The formula

Let $K\subset\mathbb R^n$ be a convex body with boundary $\partial K$ and choose uniformly a random unit vector $e$. Let $K^\bot_e$ denote the projection of $K$ to the hyperplane that is perpendicular to $e$. Then we have

\[\begin{align} \label{eq:cauchysformula} \mathbb E[|K^\bot_e|] = \frac {\mathbb E[|\sin\theta|]}2 |\partial K| \end{align}\]

where $\theta$ is the angle $e$ makes the $x_1$-axis of $\mathbb R^n$.

Proof1

Fix a unit vector $e$ and let $\delta > 0$. Let $[0,e] \subset \mathbb R^n$ denote the segment with endpoints the origin and $e$.

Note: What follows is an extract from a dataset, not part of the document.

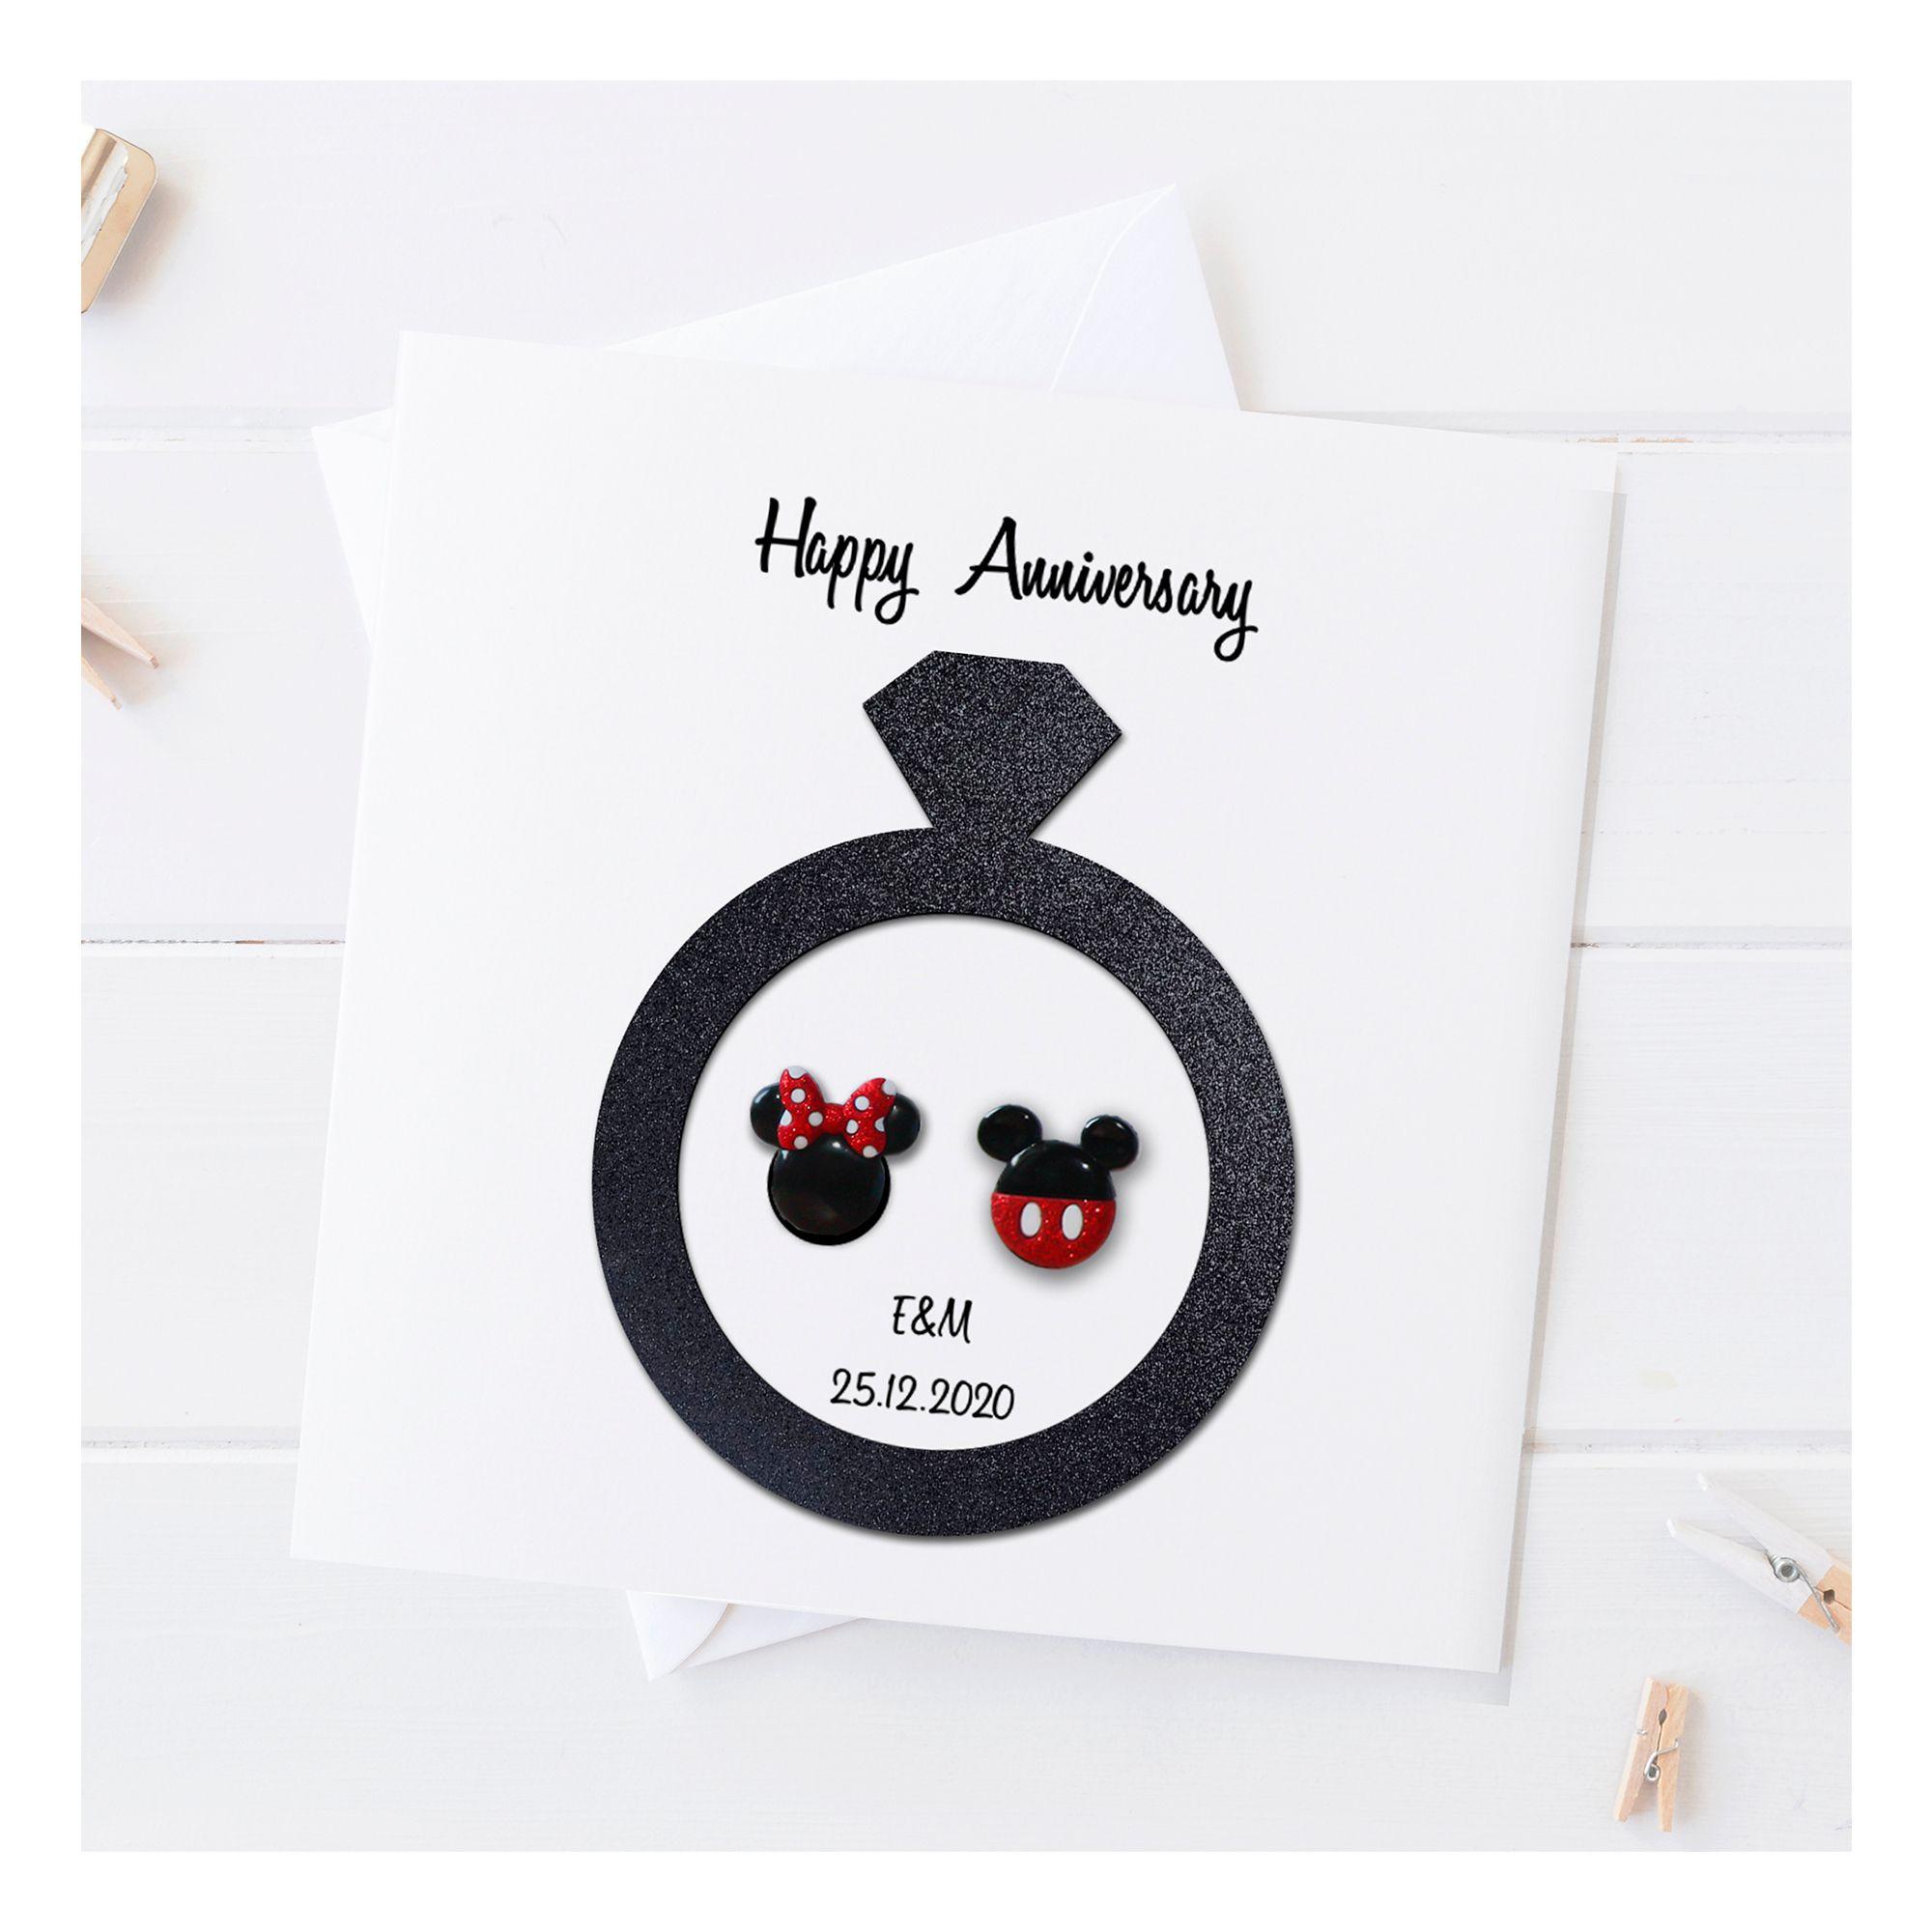 Mickey Minnie Anniversary Card Disney Anniversary Card Etsy Anniversary Cards For Boyfriend Anniversary Cards Handmade Anniversary Card For Parents

For a subset $A$ of an affine hyperplane, we have

\[\begin{align} \mathbb E[|A + [0,\delta e]|] = \delta |\sin\theta| |A|, \end{align}\]

where $\theta$ is the angle formed by $e$ and the hyperplane. On the other hand, by Cavalieri’s principle,

\[\begin{align} \mathbb E[|A + [0,\delta e]|] = \delta |A^\bot_e|, \end{align}\]

Thus for the surface $\Sigma$ of a finite convex polytope, we conclude

\[\begin{align} \delta |\Sigma| \mathbb E[|\sin\theta|] = 2\delta|\Sigma^\bot_e| + o_\Sigma(\delta). \end{align}\]

Divide by $\delta$ and use a sequence of convex polytopes converging to $K$ and a sequence of $\delta$ converging to $0$ fast enough to conclude the proof.

  1. The proof is taken from: Tsukerman E. and Veomett E., A Simple Proof of Cauchy’s Surface Area Formula, arXiv:1604.05815 [math.DG]